Pietersen and Brown have made several attempts to obtain a visa for Pietersen. Their most recent request has been for a “K-1” visa, which is available to individuals who seek to enter the United States to marry a U.S. citizen. See 8 U.S.C. § 1101(a)(15)(K)(i). However, consular officers have denied her K-1 visa applications based on the “willfully misrepresenting a material fact” ground of inadmissibility under 8 U.S.C. § 1182(a)(6)(C)(i). Essentially, consular officers have claimed that Pietersen engaged in unauthorized work while in the country under the Visa Waiver Program and that this constituted willful misrepresentation proscribed by the INA.

In November 2022, Appellants filed suit in District Court against the U.S. Department of State and State Department officials (collectively, “State Department”) to challenge the denials of Pietersen’s visa applications and the Manual guidance. They alleged, inter alia, that the consular officers failed to meaningfully review Pietersen’s applications, that the officers erroneously applied a “reason to believe” standard to find her inadmissible, and that the “reason to believe” standard contravenes the INA. 4 The State Department moved to dismiss the complaint for a lack of subject matter jurisdiction and for failure to state a claim. The District Court granted the State Department’s motion, holding that the consular nonreviewability doctrine barred Appellants’ claims and that the claims were otherwise meritless. See Pietersen v. U.S. Dep’t of State, No. 22-cv-3544, 2024 WL 1239706, at *5-8 (D.D.C. Mar. 21, 2024).
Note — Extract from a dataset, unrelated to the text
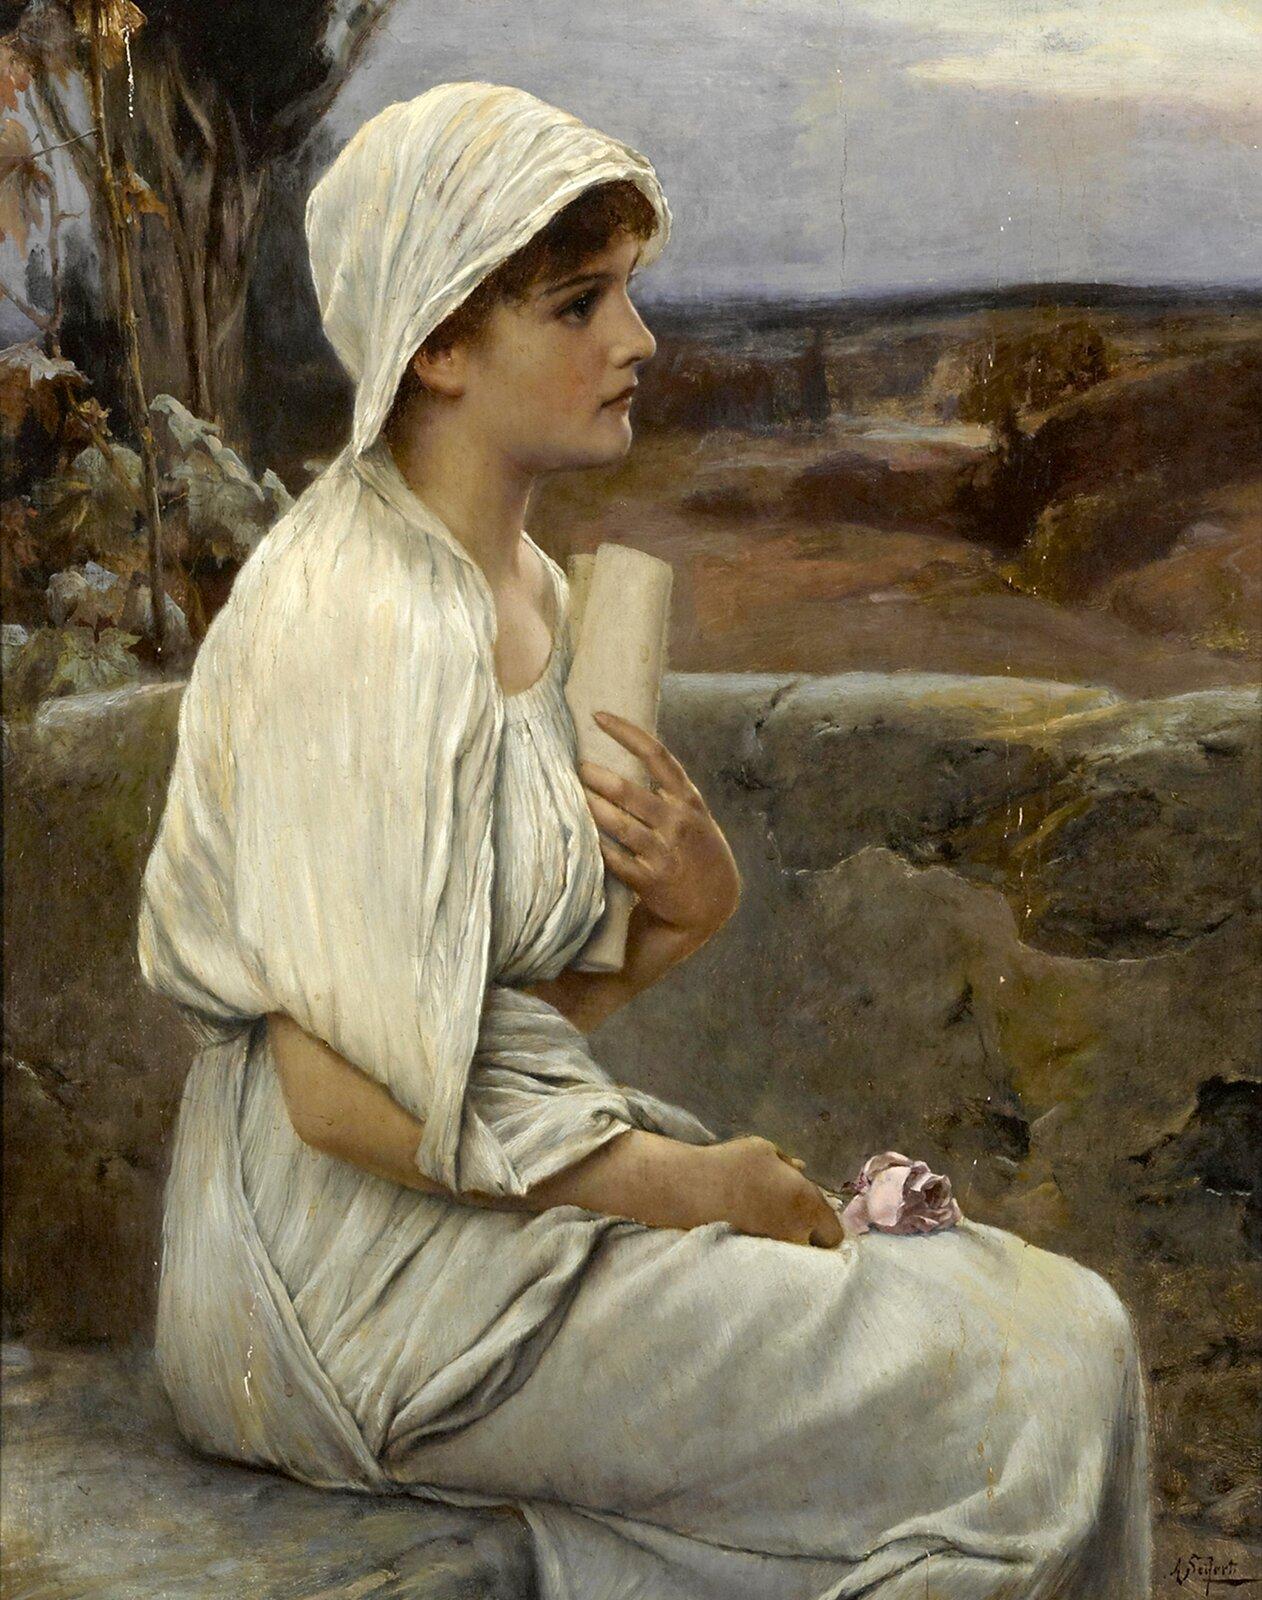 Hypatia zAleksandrii, obraz Alfreda Seiferta

On appeal, Appellants principally argue that the Manual’s “reason to believe” standard that was applied to deny Pietersen’s visa applications contravenes the INA. They no longer dispute that their challenges to Pietersen’s prior visa denials are unreviewable under the consular nonreviewability doctrine; instead, they focus their appeal on “the improper future application of [the Manual’s] erroneous guidance.” Br. for Appellants 18.
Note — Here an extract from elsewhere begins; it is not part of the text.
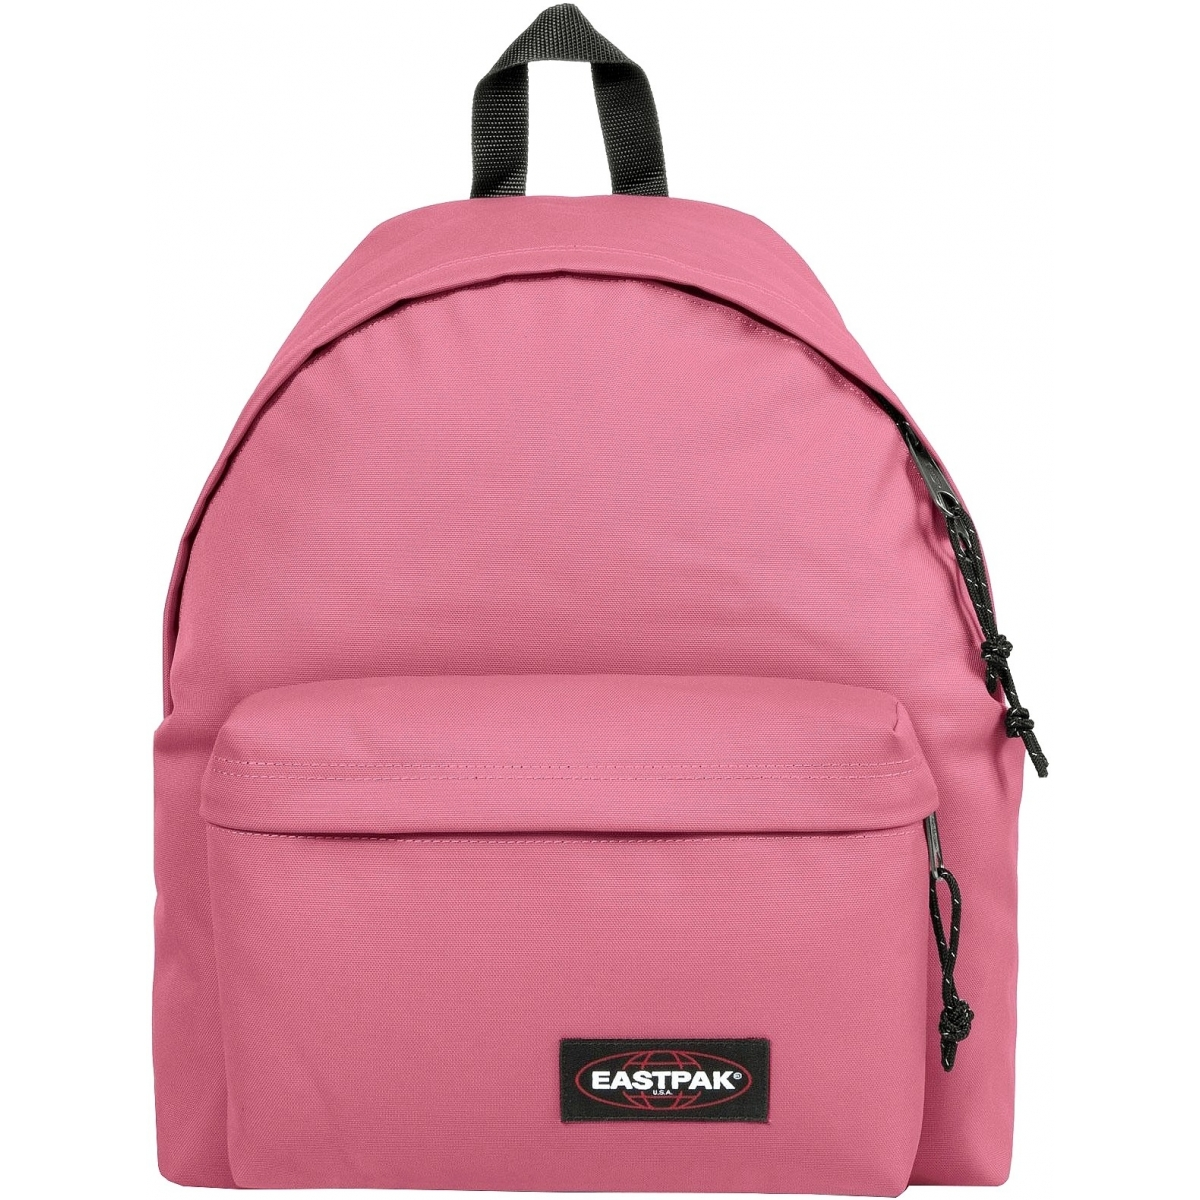 sac eastpak pas cher pink

For the reasons explained below, we reverse and remand the case for further proceedings. First, we reverse the District Court’s holding that the doctrine of consular nonreviewability bars Appellants’ Administrative Procedure Act (“APA”) claim for prospective relief. When plaintiffs launch forward-looking challenges to the lawfulness of regulations or policy governing consular decisions, courts may review them “to assure that the executive departments abide by the legislatively mandated procedures.” Int’l Union of Bricklayers & Allied Craftsmen v. Meese, 761 F.2d 798, 801 (D.C. Cir. 1985). Second, we have real doubts regarding the viability of the State Department’s “reason to believe” standard, and especially the Department’s reliance on 8 U.S.C. § 1201(g) to support the application of the standard in a case of this sort. Given the unsatisfactory briefing of this issue by both parties, we vacate the District Court’s alternative holding based on section 1201(g) and remand for further proceedings to determine whether the INA authorizes the challenged FAM guidance. 5 I. BACKGROUND

A. Legal Background

“The Immigration and Nationality Act sets forth conditions for foreign nationals to receive visas allowing entry into the United States.” ITServe All., Inc. v. U.S. Dep’t of Homeland Sec., 71 F.4th 1028, 1031 (D.C. Cir. 2023) (citation omitted). Importantly, the political branches control visa decisions. Muñoz, 144 S. Ct. at 1818. Specifically, Congress establishes “the terms for entry [to the United States], and the Department of State implements those requirements at United States Embassies and consulates in foreign countries.” Id. As relevant here, “Congress has streamlined the visa process for noncitizens with immediate relatives in the United States.” Id. This process consists of the citizen-relative filing a petition with U.S.